Optionally, the apparatus further comprises:

the report acquisition module is used for acquiring an analysis report of the target customer set; the analysis report comprises a loss customer list and loss reasons, wherein the loss probability in the target customer set exceeds the preset threshold; the loss reason is obtained by analyzing the characteristic data with the maximum weight in the multiple characteristic data types.

Optionally, the feature data comprises:

According to the technical scheme, the method has the following beneficial effects:

the embodiment of the application provides a loss probability prediction method and a loss probability prediction device, wherein the method comprises the following steps: acquiring characteristic data of a target client in a target observation time interval; predicting the loss probability of the target client in the target expression time interval according to the feature data of the target client in the target observation time interval and a pre-trained XGboost model; the start time of the target presentation time interval is after the end time of the target observation time interval; the XGboost model is trained according to training samples; the training sample comprises characteristic data of a client set in an observation time interval and the marked client set; the attrition customers are customers of reduced rank in the customer set; the start time of the presentation time interval is after the end time of the observation time interval. Therefore, according to the method provided by the application, the loss probability of the client in the presentation time can be efficiently obtained through the characteristic data of the client in the target observation time according to the pre-trained XGboost model.

Drawings

In order to more clearly illustrate the embodiments of the present application or the technical solutions in the prior art, the drawings needed to be used in the description of the embodiments or the prior art will be briefly introduced below, and it is obvious that the drawings in the following description are some embodiments of the present application, and it is obvious for those skilled in the art to obtain other drawings based on these drawings without creative efforts.

Fig. 1 is a schematic flow chart of a method for predicting attrition probability provided in an embodiment of the present application;

FIG. 2 is a schematic diagram of a presentation time interval and an observation time interval provided in an embodiment of the present application;

fig. 3 is a schematic diagram of a method for training an XGBoost model according to an embodiment of the present application;

fig. 4 is a schematic structural diagram of a loss probability prediction apparatus according to an embodiment of the present application.

Detailed Description

In order to help better understand the scheme provided by the embodiment of the present application, before describing the method provided by the embodiment of the present application, a scenario of an application of the scheme of the embodiment of the present application is described.

In order to solve the above technical problem, an embodiment of the present application provides a method and an apparatus for predicting a loss probability, where the method includes: acquiring characteristic data of a target client in a target observation time interval; predicting the loss probability of the target client in the target expression time interval according to the feature data of the target client in the target observation time interval and a pre-trained XGboost model; the start time of the target presentation time interval is after the end time of the target observation time interval; the XGboost model is trained according to training samples; the training sample comprises characteristic data of a client set in an observation time interval and the marked client set; the attrition customers are customers of reduced rank in the customer set; the start time of the presentation time interval is after the end time of the observation time interval. Therefore, according to the method provided by the application, the loss probability of the client in the expression time can be efficiently obtained through the characteristic data of the client in the observation time according to the pre-trained XGboost model.

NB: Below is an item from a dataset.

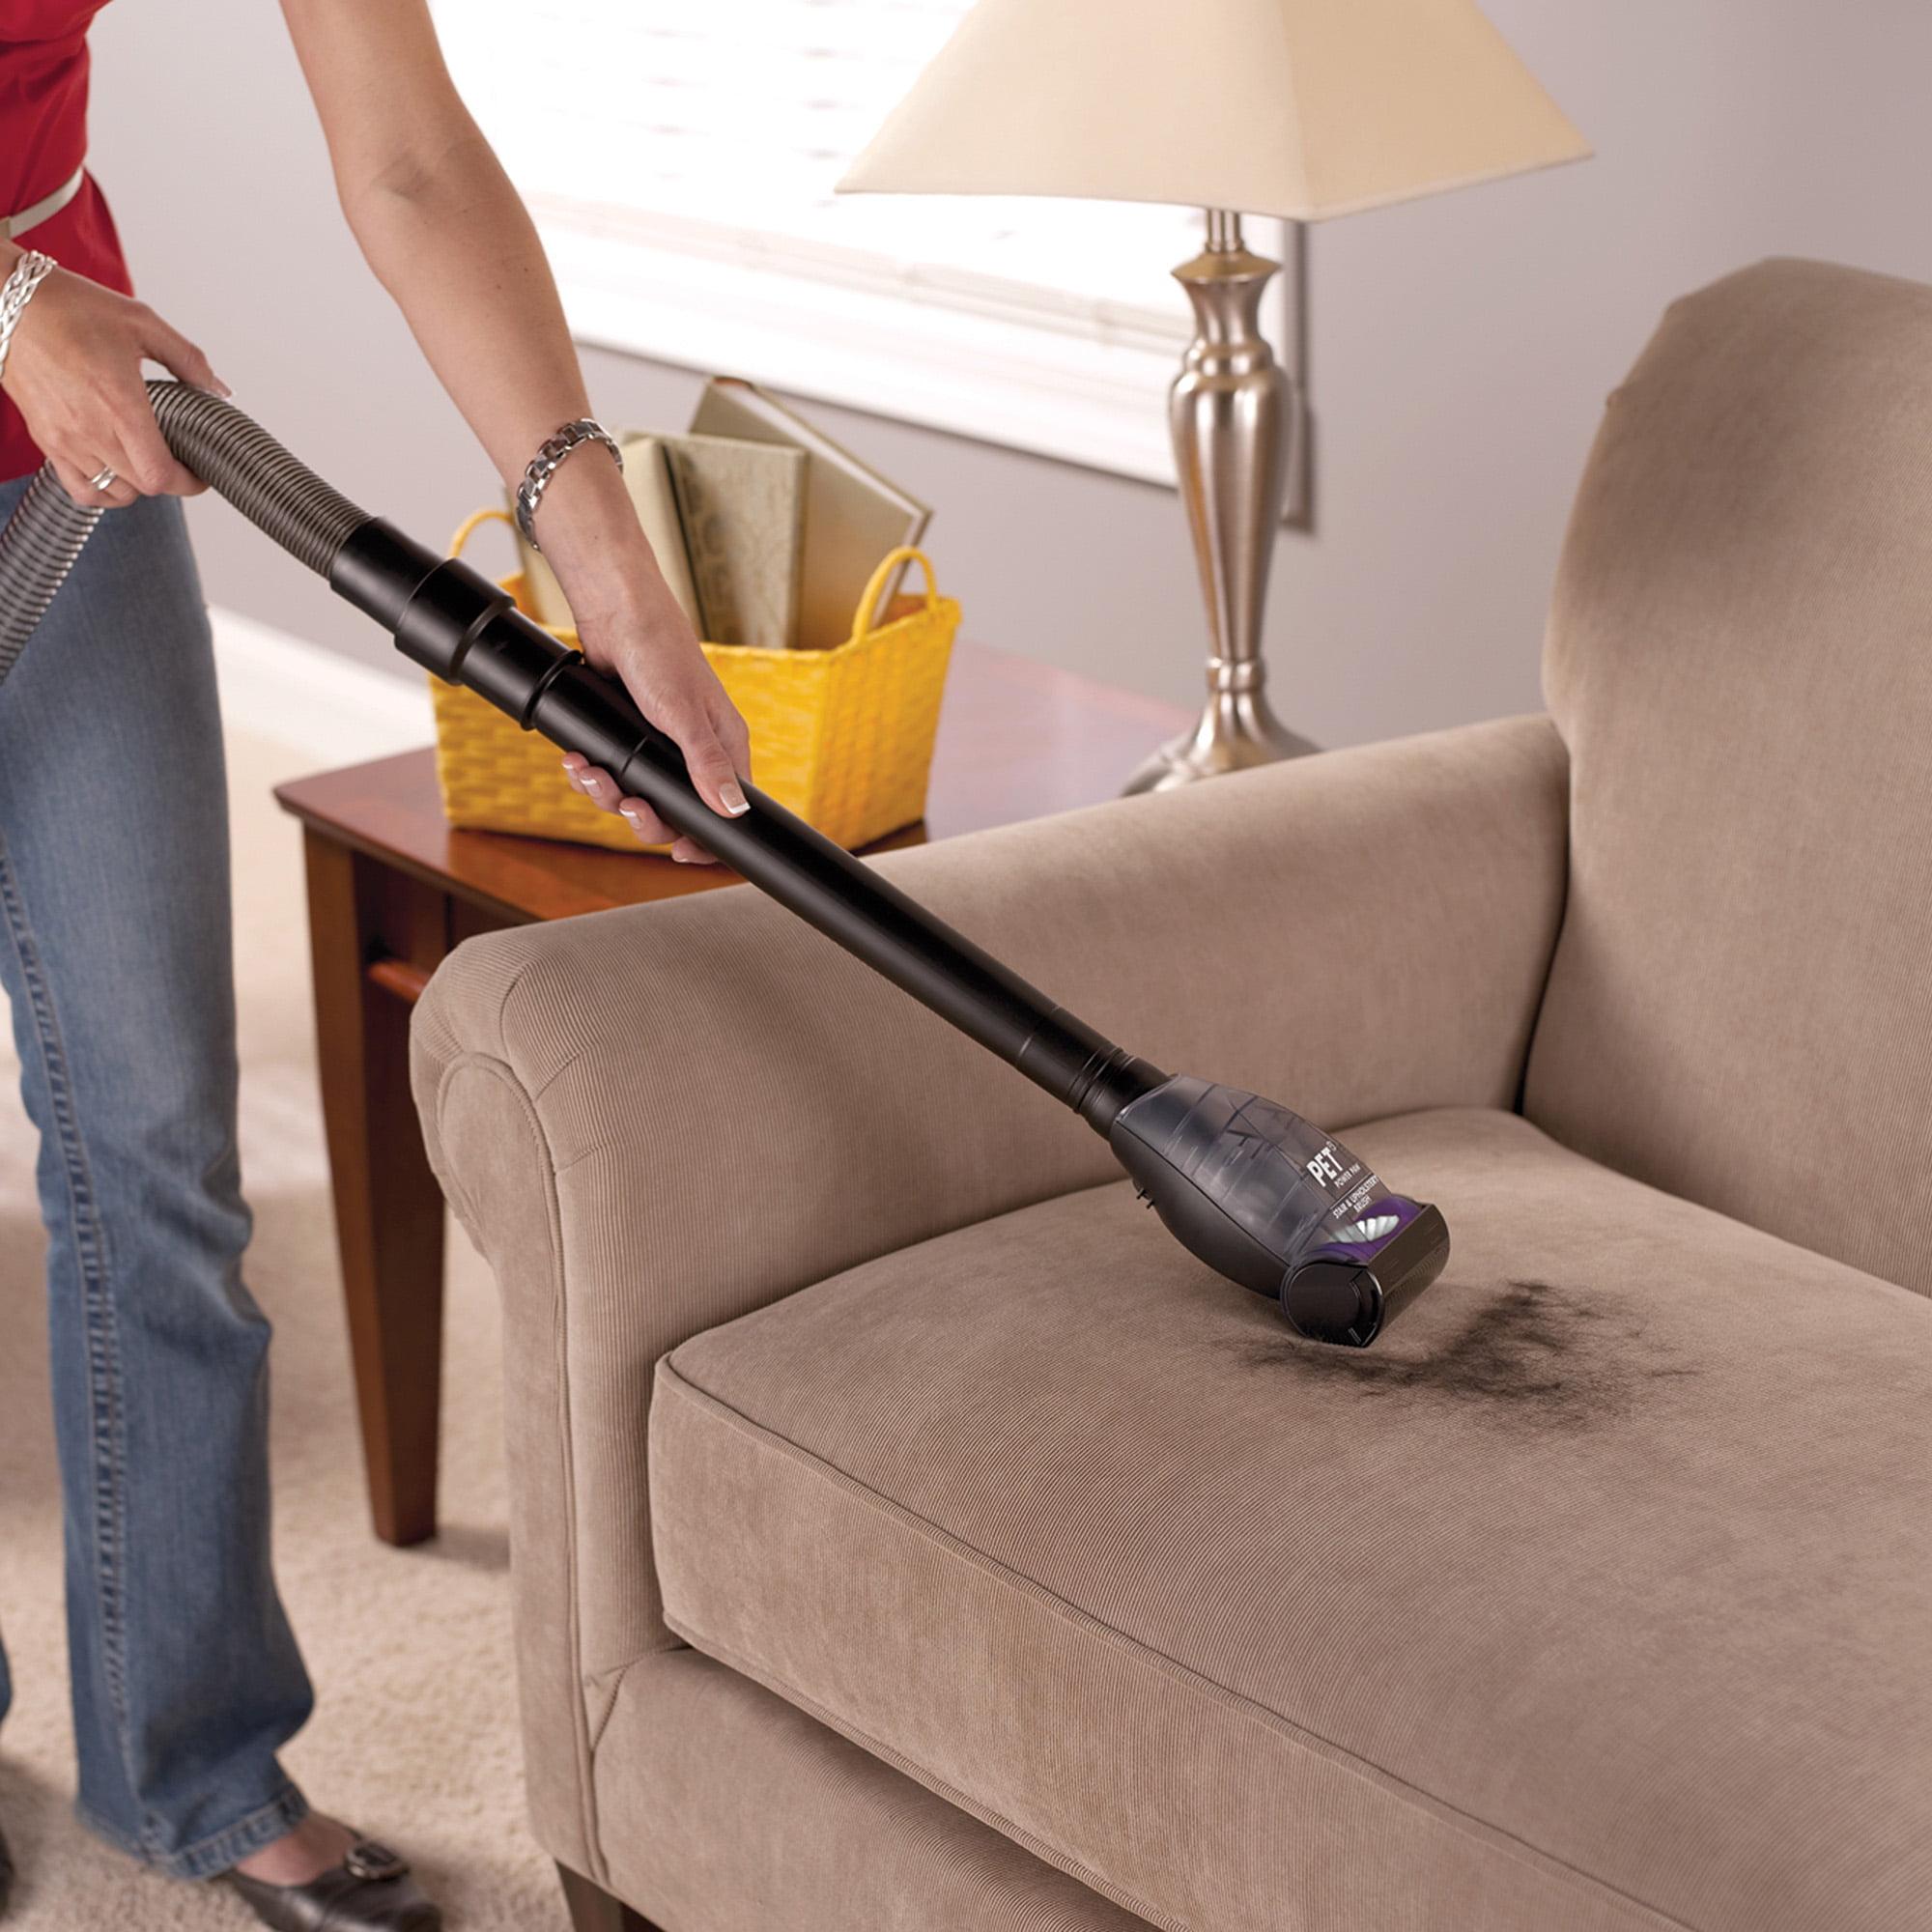 Eureka AirSpeed Pro All Floors Rewind Pet Bagless Upright Vacuum, AS1061A    Walmart.com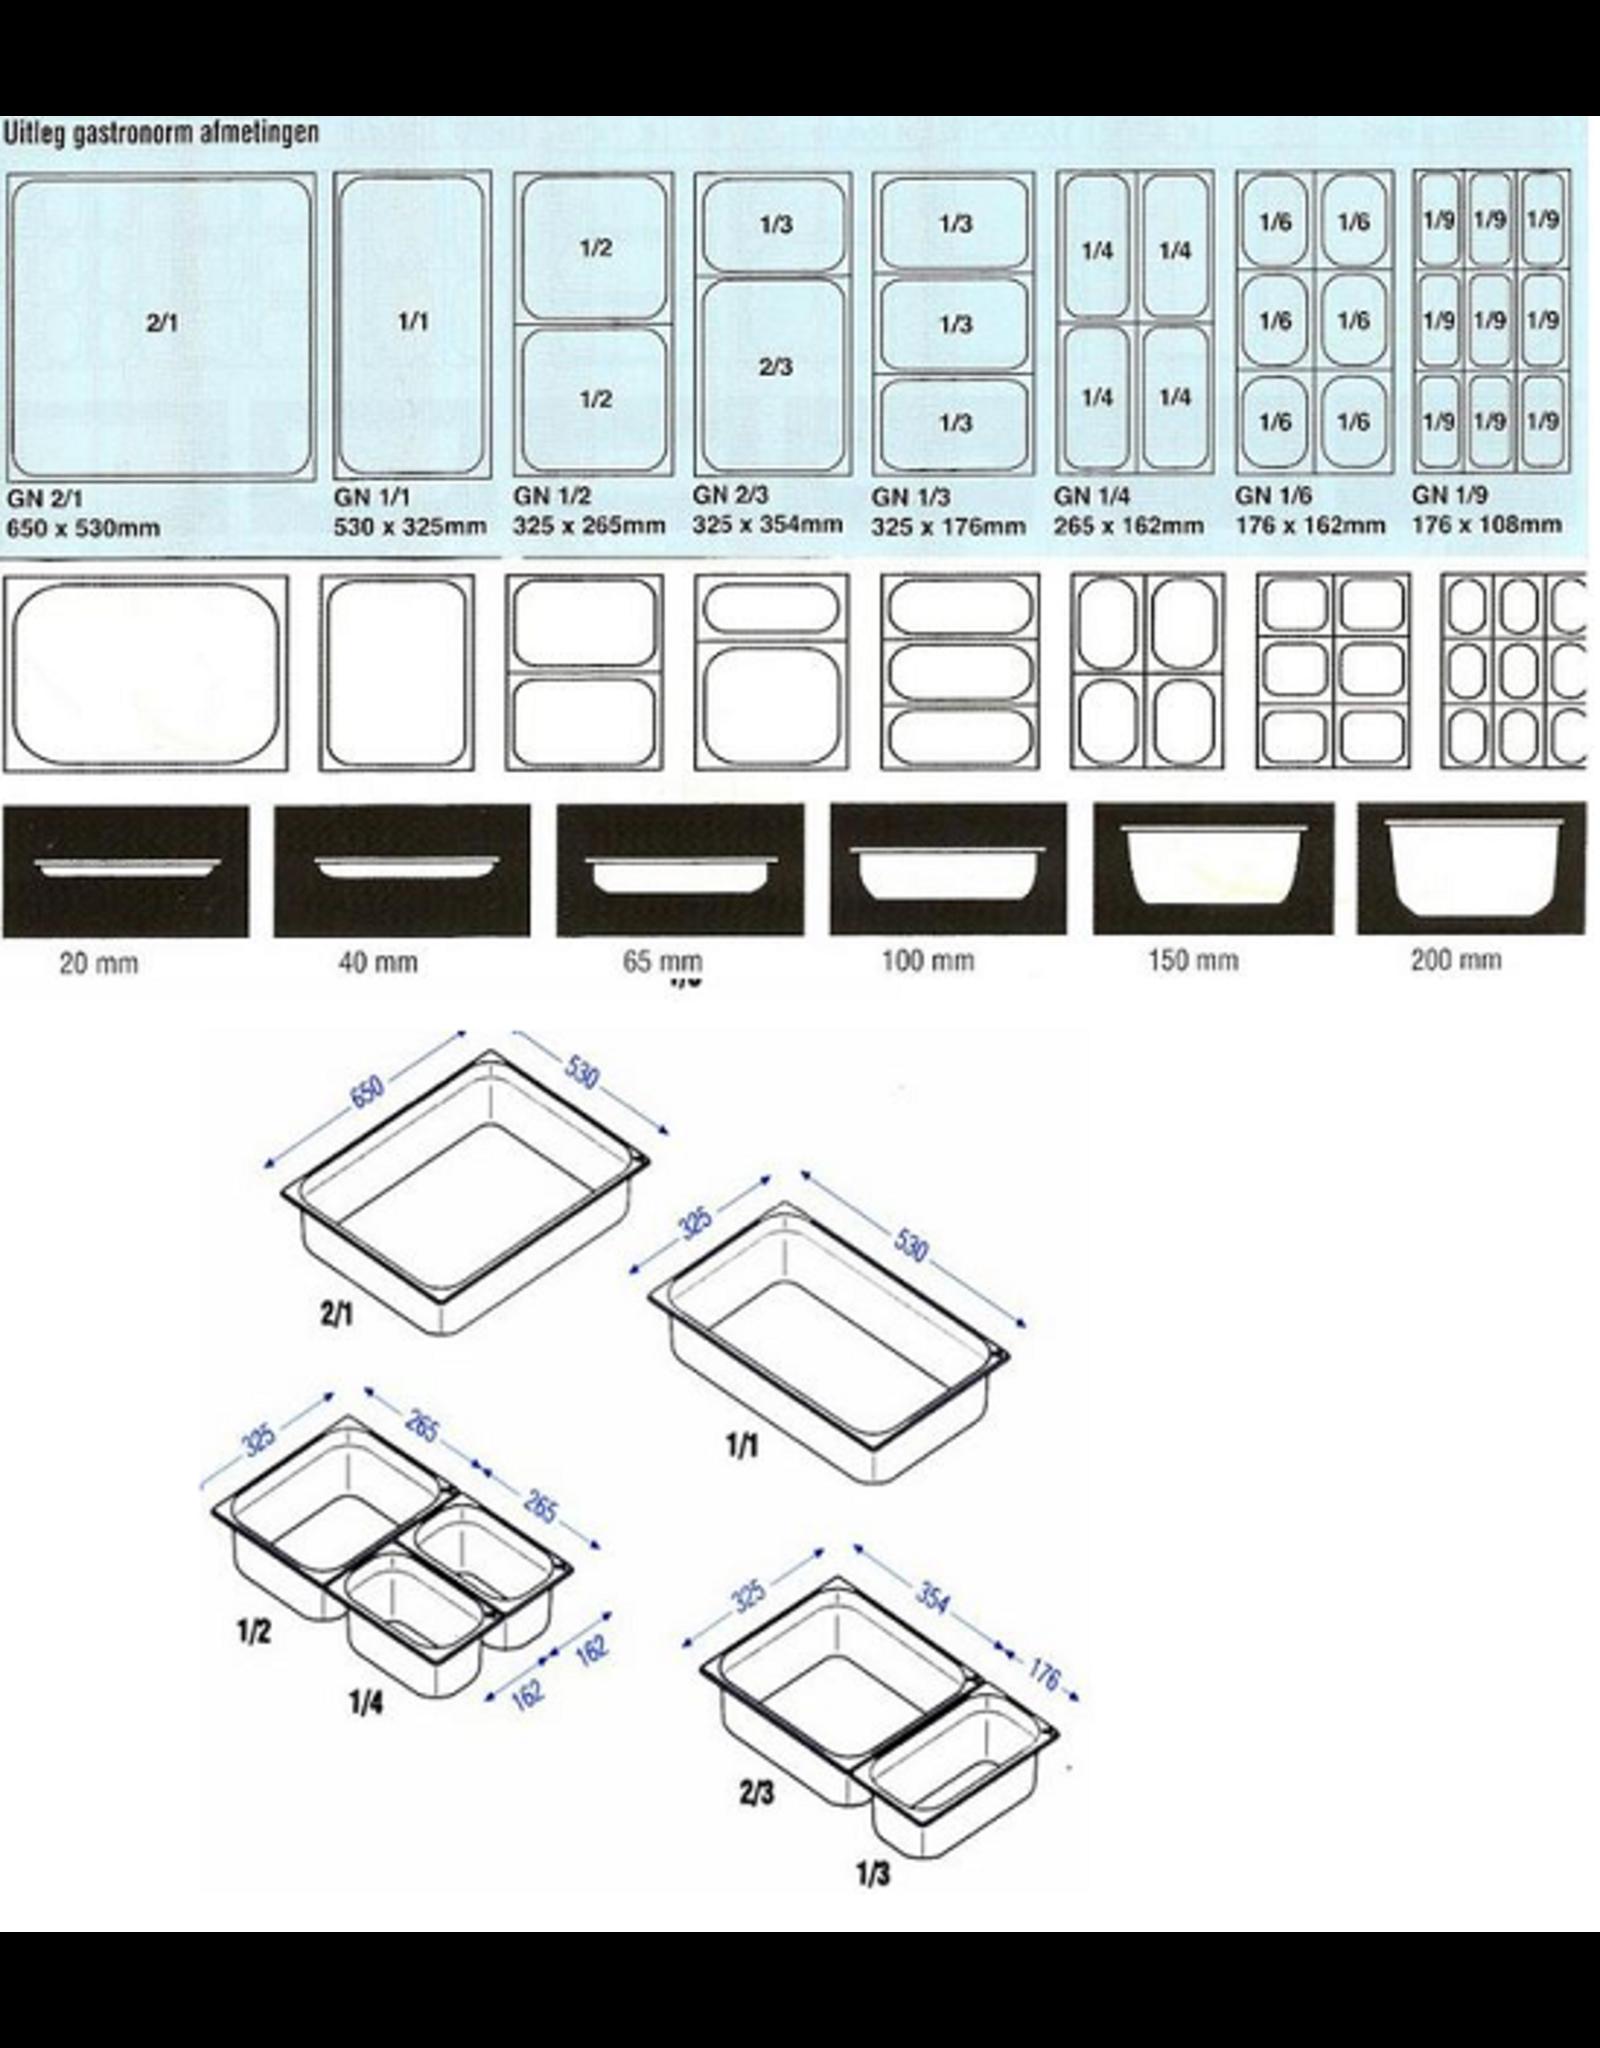 Q-Gastro Gastronorm Bak RVS 1/1GN | 20mm | 530x325mm

In order to make the aforementioned objects, features and advantages of the present application more comprehensible, embodiments accompanying the drawings are described in detail below.

Referring to fig. 1, a schematic flow chart of a method for predicting attrition probability provided in the embodiment of the present application is shown. As shown in fig. 1, the method for predicting the attrition probability provided in the embodiment of the present application includes the following steps:

s101: and obtaining the characteristic data of the target client in the target observation time interval.

S101: predicting the loss probability of the target client in the target expression time interval according to the feature data of the target client in the target observation time interval and a pre-trained XGboost model; the start time of the target presentation time interval is after the end time of the target observation time interval.

It should be noted that, in the embodiment of the present application, the XGBoost model is trained according to a training sample; the training sample comprises characteristic data of a client set in an observation time interval and the marked client set; the attrition customers are customers of reduced rank in the customer set; the start time of the presentation time interval is after the end time of the observation time interval.

In this embodiment, as a possible implementation manner, the feature data includes: at least one of customer basic information, customer financial asset information, customer bank card information, customer transaction information, customer insurance information, and bank agent customer payroll information.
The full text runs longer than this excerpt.